He don’t like it.はなぜ間違い?
「He don’t like it.」は一見正しそうに見えますが、実は文法的に間違った英語表現です。
この文の問題は、三単現(主語が三人称単数のとき)の動詞の形にあります。
英語では「He」「She」「It」など三人称単数の主語のとき、動詞に -s や -es をつける必要があります。
ただし、do のような助動詞の場合は「do → does」に変わります。
つまり、正しい文は“He doesn’t like it.” です。
- He / hiː / 彼は
- do / duː / ~をする(助動詞・動詞)
- not / nɑːt / ~でない
- like / laɪk / 好む、好きである
- it / ɪt / それを、それは
「He don’t like it.」と “don’t” のまま使ってしまうと、「主語と動詞の一致」という英語の基本ルールに反してしまいます。
ネイティブが聞くとすぐに「文法を知らない人」という印象になってしまうので注意が必要です。
正しいフレーズはHe doesn’t like it.
正しい表現はHe doesn’t like it. です。
“doesn’t” は “does not” の短縮形で、「三人称単数」用の否定形助動詞になります。
このとき、does に「三単現のs」が含まれているため、動詞 “like” は原形のままにします。
“doesn’t likes” と言ってしまうのも誤りです。
- He / hiː / 彼は
- does / dʌz / ~をする(助動詞・三単現)
- not / nɑːt / ~でない
- like / laɪk / 好む、好きである
- it / ɪt / それを、それは
この形が英語の基本中の基本。
“does” の形で三単現を表すため、動詞は常に原形のままにするのがポイントです。
He doesn’t like it.
彼はそれが好きではありません。
※ 正しい三単現の否定文
She doesn’t eat meat.
彼女は肉を食べません。
※ “eat” は原形のまま
It doesn’t work.
それは動きません。
※ 機械やシステムにも使える
He doesn’t know the answer.
彼は答えを知りません。
※ “know” も原形で使う
He doesn’t play tennis.
彼はテニスをしません。
※ “play” のような単純動詞も同じルール
肯定文ならHe likes it.
否定文で “doesn’t” を使う代わりに、肯定文なら動詞に “-s” をつけてHe likes it. が正解です。
この「-s」をつけ忘れるのも、英語学習者が最もよくするミスのひとつです。
主語が “I” や “They” のときはつけず、 “He”, “She”, “It” のときだけ “-s” をつける、というルールを意識しましょう。
- He / hiː / 彼は
- like / laɪk / 好む、好きである
- it / ɪt / それを、それは
He likes it.
彼はそれが好きです。
※ 三単現なので “likes” になる。
She likes coffee.
彼女はコーヒーが好きです。
※ “She like coffee” は誤り。
It rains a lot here.
ここではよく雨が降ります。
※ “rain” も三単現で “rains”。
He studies hard.
彼は一生懸命勉強します。
※ “study” → “studies” とつづりが変わるタイプ。
My dog loves me.
私の犬は私が大好きです。
※ “love” → “loves” と “-s” を忘れない!
もう迷わない!三単現の“s”をマスターしよう
「He don’t like it.」のような間違いは、英語初心者から上級者までよくあるミスです。

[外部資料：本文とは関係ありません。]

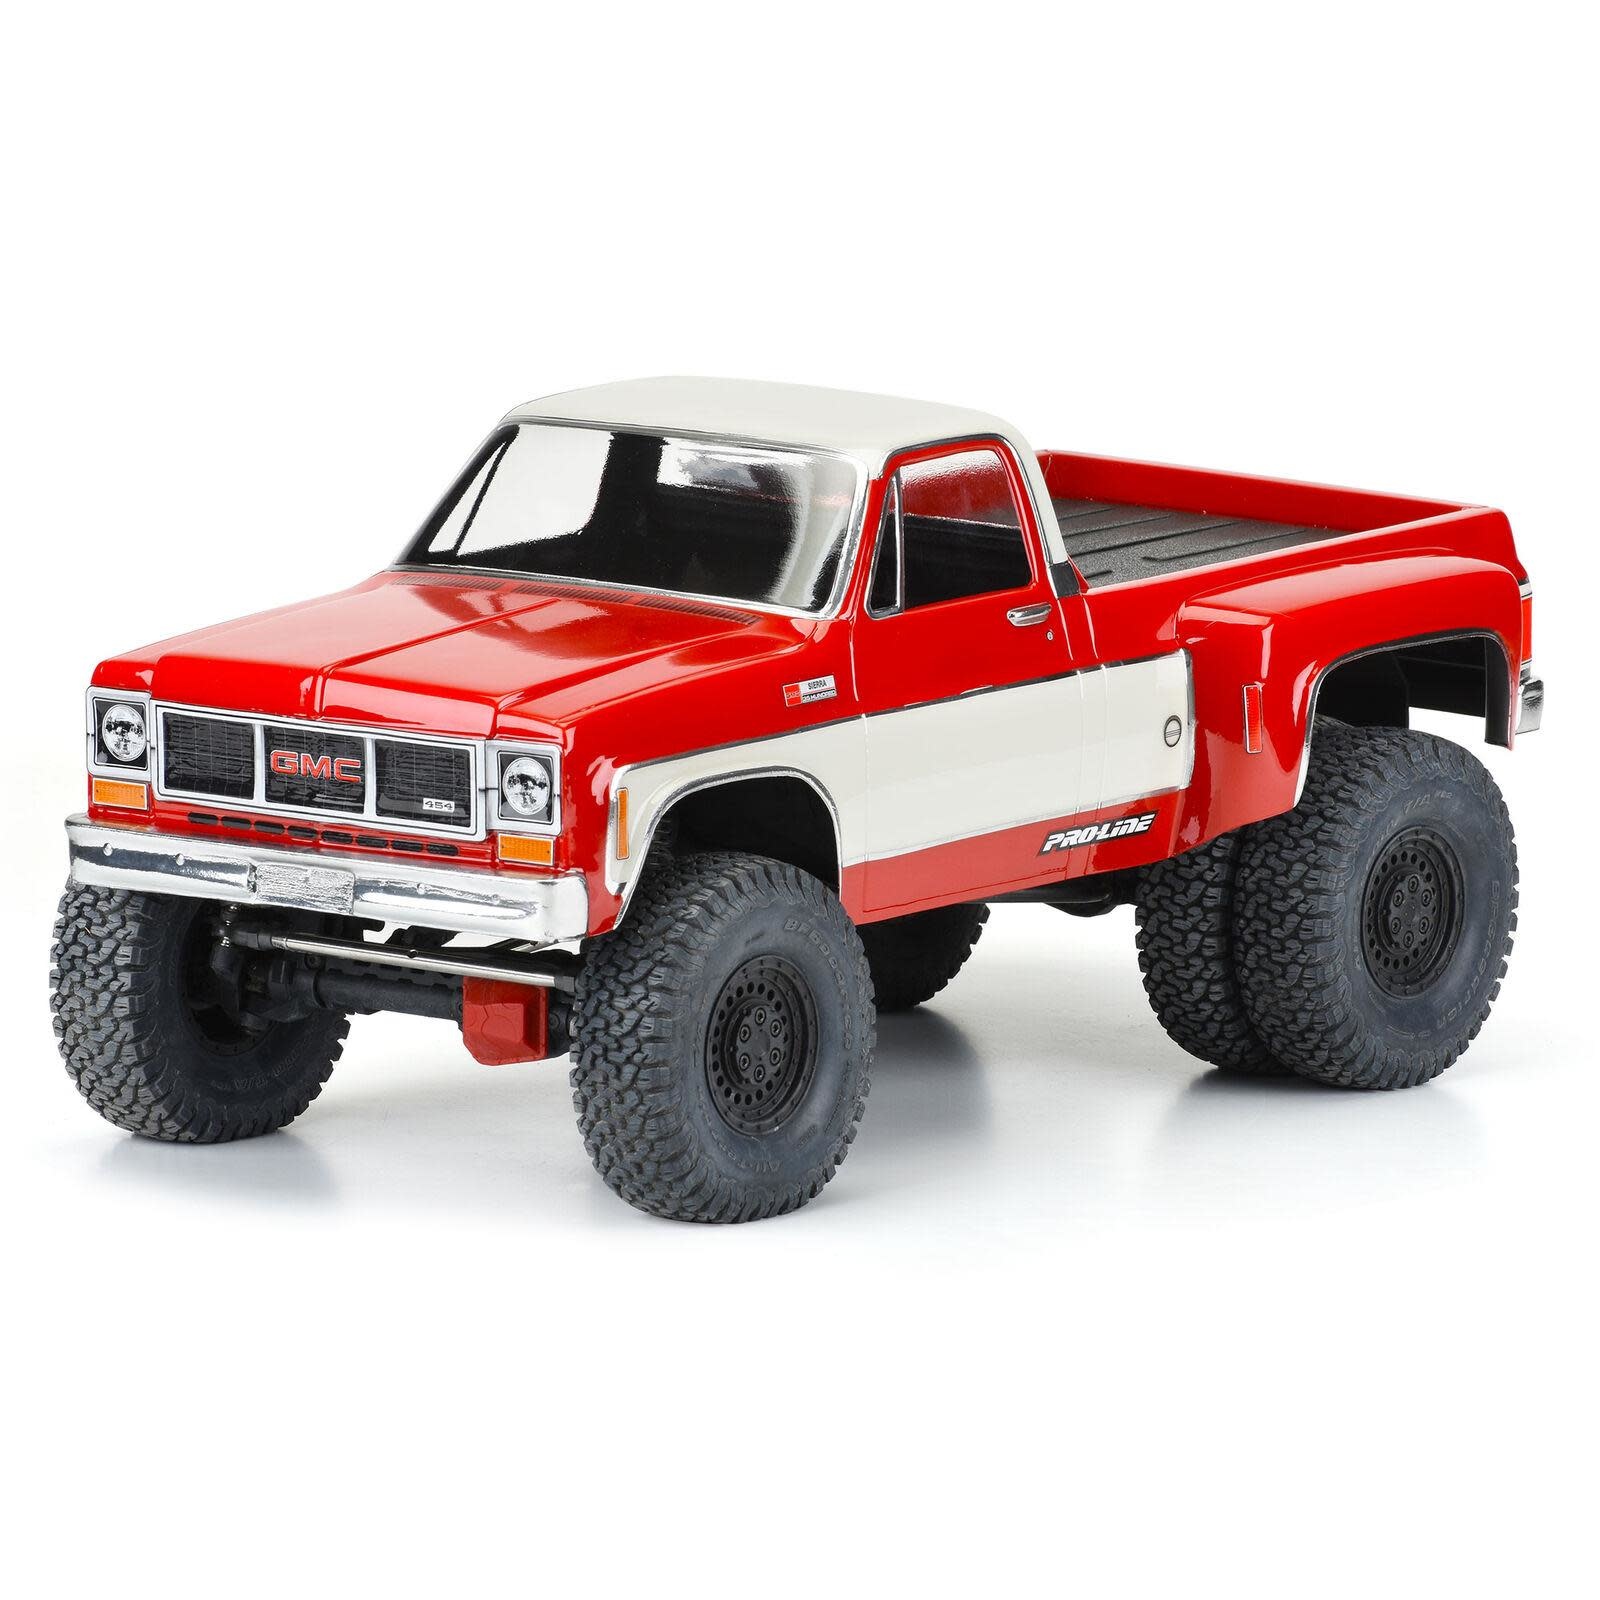 1973 GMC Sierra 3500 Clear Body for 12.3" (313mm) Wheelbase Scale Crawlers with PRO278600 Carbine Dually Wheels-2

ポイントは、助動詞 “does” に三単現のsを集約するという考え方。
肯定文なら動詞に “-s”、否定文や疑問文なら “does” を使って、動詞は原形に戻すというルールを守れば完璧です。
ネイティブでも子どもの頃に何度も直される基本中の基本。
この機会に「He doesn’t like it.」をしっかり覚えて、文法の基礎を盤石にしましょう!